Полушутя-полусерьезно он подхватил ее на руки и за несколько широких пружинистых шагов донес до самой косы, где, живя какой-то своей недоступной логике разума жизнью, шумел неутомимо-неуемный, вечно голодный островной прибой.
Казалось бы, ну чего там может быть хитрого? Прилив и отлив, периодически-размеренно сменяющие друг друга. Волна, нежно скользящая по такой же точно как и она волне, то отставая, то вырываясь вперед. Словно сладостно-игриво лаская.

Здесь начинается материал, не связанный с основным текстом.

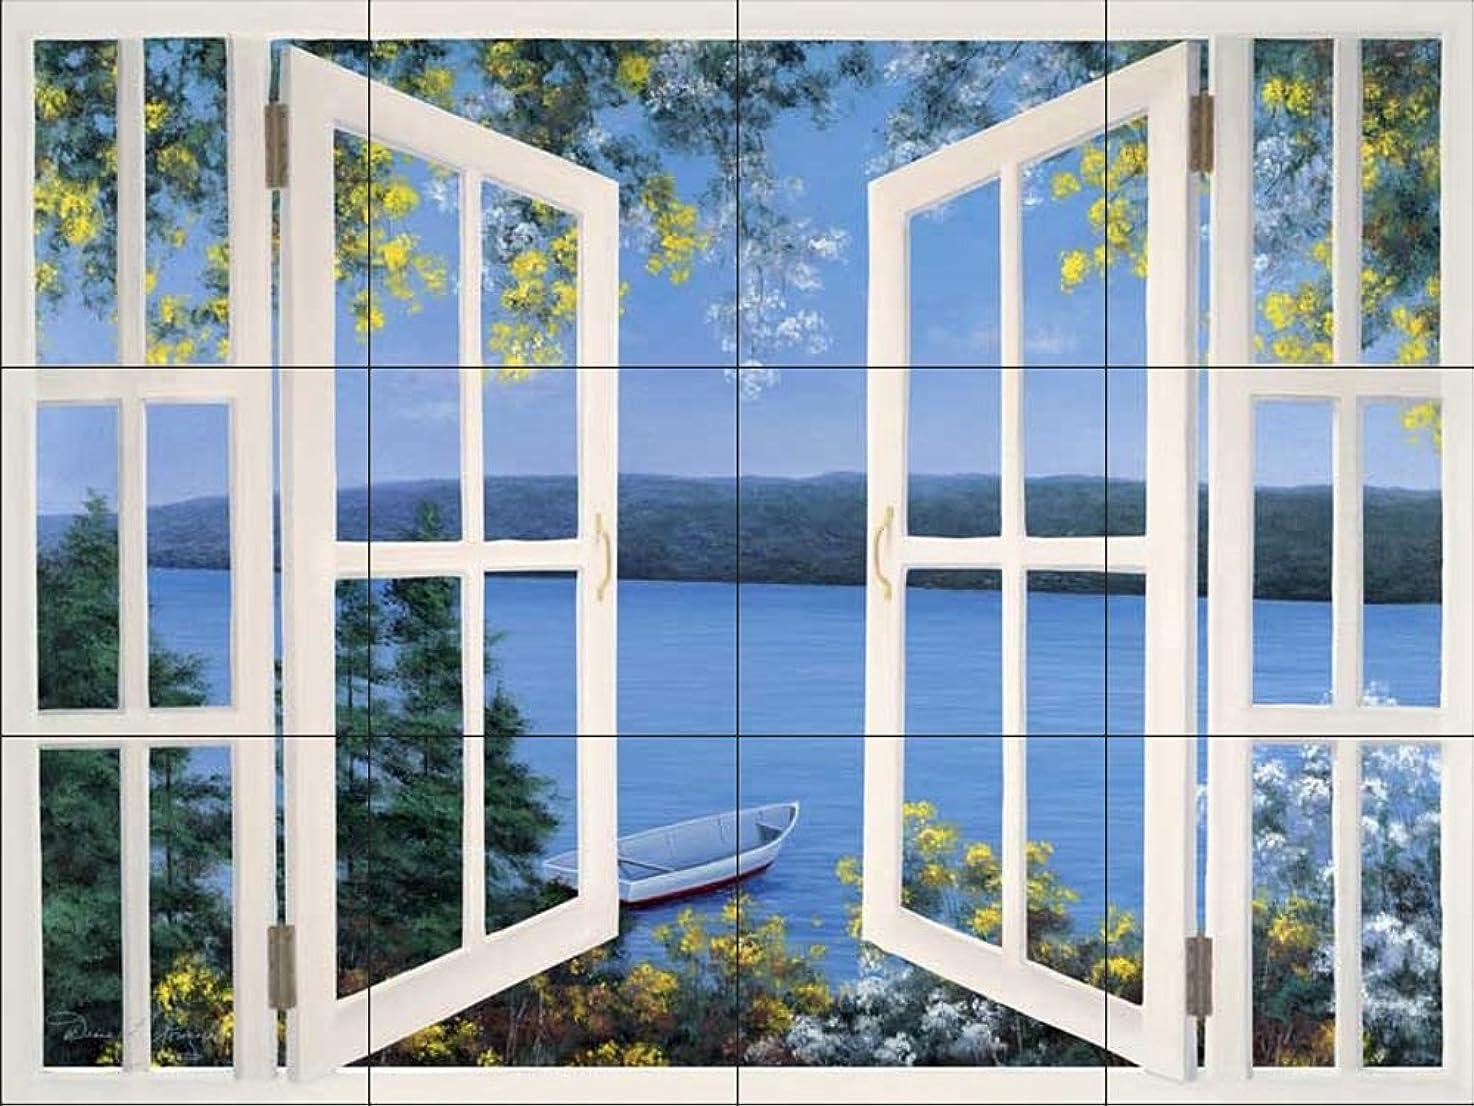 Ceramic Tile Mural - DR-Island Time with Window - by Diane Romanello - Kitchen backsplash/Bathroom Shower

И вот, спустя мгновение, «оно» (прибрежная зона, мелководье изящных ракушек и взъерошенных течением камушков) – излом, кульминация, когда мнимая разделяющая их грань рассыпается в воздухе мириадами мельчайших капель-брызг, будто бы даже звенящих от преодолеваемого внутреннего напряжения. Не верьте тому, кто утверждает, что видел и любит море за его бескрайние просторы и необузданную мощь – только там, где мокрые неторопливые гребни в счастливом изнеможении рушатся на берег, можно почувствовать настоящую душу «большой воды», разглядеть ее страсть из-под маски свирепой бесчувственной силы, капризно опрокидывающей корабли и, не задумываясь, похищающей жизни. Здесь она молода и наивна, еще не умеет притворяться и не торопится мстить за постоянные попытки человечества обуздать ее слепую волю. Где-то там, среди необъятной наготы ее распластавшегося тела, гнев суровых седых глубин может обмануть и глаз, и сердце… Но не здесь. Не на отмели. Когда она так уязвима и податлива, что не бросится ей навстречу может позволить себе разве что исключительной черствости сноб и сухарь. Обожженная солнцем, страдающая и оттого еще более романтичная, зовущая и стремящаяся… Кажется, будто сам свет пленен, повержен этой немой музыкой, запутался в изящных изгибах ниспадающих завитков, сдался, растворился в бесхитростной гармонии едва ли не чуждой его природе жертвенности… То губительным, то согревающим лучам далеко до порождающего всякую жизнь дыхания, им не разгадать бунтующей натуры, не осветить кровоточащего нутра, не познать в преходящей прямоте своего увлечения всеобъемлющей любви…
Поймав ее не то все еще удивленно-вопрошающий, не то восхищенный взгляд, в котором будто бы замерло отражение пенной лениво заваливающейся волны, парень-таки счел нужным подвести окончательную черту произошедшему.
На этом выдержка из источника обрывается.